The inequality on line 3 of (32) is due to Lemma 1 of Atienza et al. (2007). Considering that \(\log \phi _{1}(x_{k};{\varvec{\beta }}_{i,k}^{T} \tilde{{\varvec{x}}}_{k},\sigma _{i,k}^{2})\) is a polynomial function of Gaussian random variables, we have \(\mathbb {E}|\log \phi _{1}(x_{k};{\varvec{\beta }}_{i,k}^{T} \tilde{{\varvec{x}}}_{k},\sigma _{i,k}^{2})|<\infty \) for each i and k.
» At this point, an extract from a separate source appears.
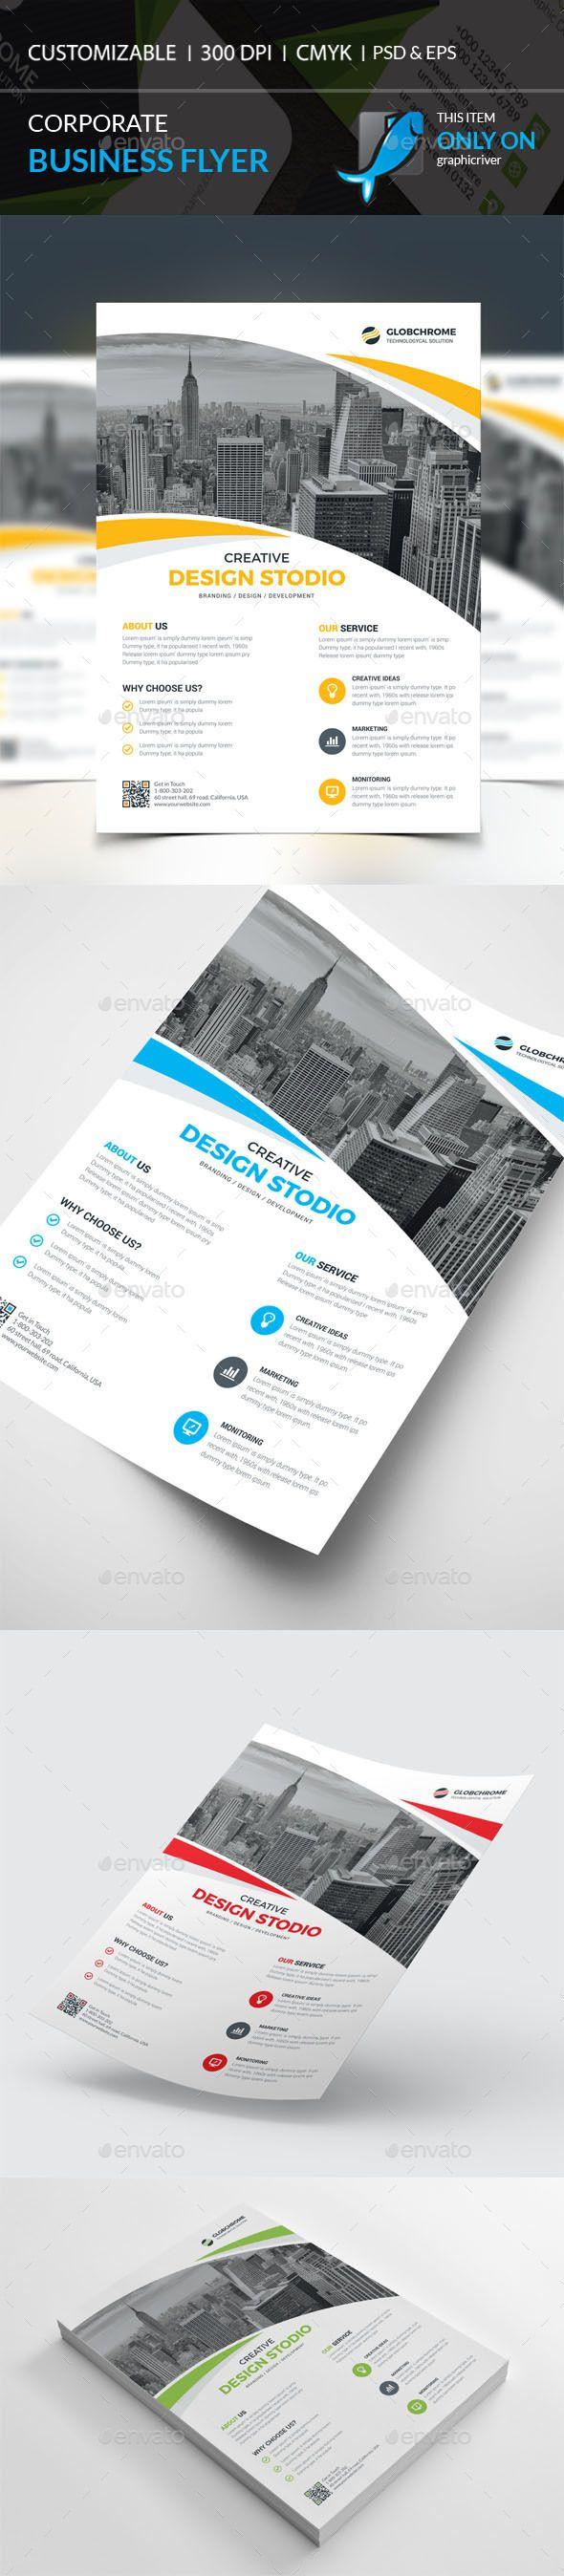 Corporate Flyer Template PSD #design Download: http://graphicriver.net/item/corporate-flyer/14109918?ref=ksioks

The result then follows.

1.6 Proof of Theorem 6

Theorem 6 can be established from Theorem 4.2.4 of Amemiya (1985), which requires the validation of the assumptions,

1. B1

   The Hessian \(\partial ^{2}(\log \mathcal {L}_{R,n}({\varvec{\psi }}))/ \partial {\varvec{\psi }}\partial {\varvec{\psi }}^{T}\) exists and is continuous in an open neighborhood of \({\varvec{\psi }}^{0}\).

2. B2

   The equations

   $$\begin{aligned} \int \frac{\partial \log f_{R}({\varvec{\psi }})}{\partial {\varvec{\psi }}}\hbox {d}{\varvec{x}}=\varvec{0}, \end{aligned}$$

   and

   $$\begin{aligned} \int \frac{\partial ^{2}\log f_{R}({\varvec{\psi }})}{\partial {\varvec{\psi }}\partial {\varvec{\psi }}^{T}} \hbox {d}{\varvec{x}}=\varvec{0}, \end{aligned}$$

   hold, for any \({\varvec{\psi }}\in \varPsi \).

3. B3

   The averaged Hessian satisfies

   $$\begin{aligned} \frac{1}{n}\frac{\partial ^{2}\log \mathcal {L}_{R,n} ({\varvec{\psi }})}{\partial {\varvec{\psi }}\partial {\varvec{\psi }}^{T}}\overset{P}{\rightarrow }\mathbb {E} \left[ \frac{\partial ^{2}\log f_{R}({\varvec{X}}; {\varvec{\psi }})}{\partial {\varvec{\psi }} \partial {\varvec{\psi }}^{T}}\right] , \end{aligned}$$

   uniformly in \({\varvec{\psi }}\), in all compact subsets of an open neighborhood of \({\varvec{\psi }}^{0}\).

4. B4

   The Fisher information

   $$\begin{aligned} -\mathbb {E}\left[ \frac{\partial ^{2}\log f_{R} ({\varvec{x}}; {\varvec{\psi }})}{\partial {\varvec{\psi }} \partial {\varvec{\psi }}^{T}}\bigg |_{{\varvec{\psi }}= {\varvec{\psi }}^{0}}\right] ^{-1}, \end{aligned}$$

   is positive-definite.

Assumption B1 is validated via the smoothness of \(\log \mathcal {L}_{R,n}({\varvec{\psi }})\), and it is mechanical to check the validity of B2. Assumption B3 can be shown via Theorem 2 of Jennrich (1969). Unlike the others, B4 must be taken as given.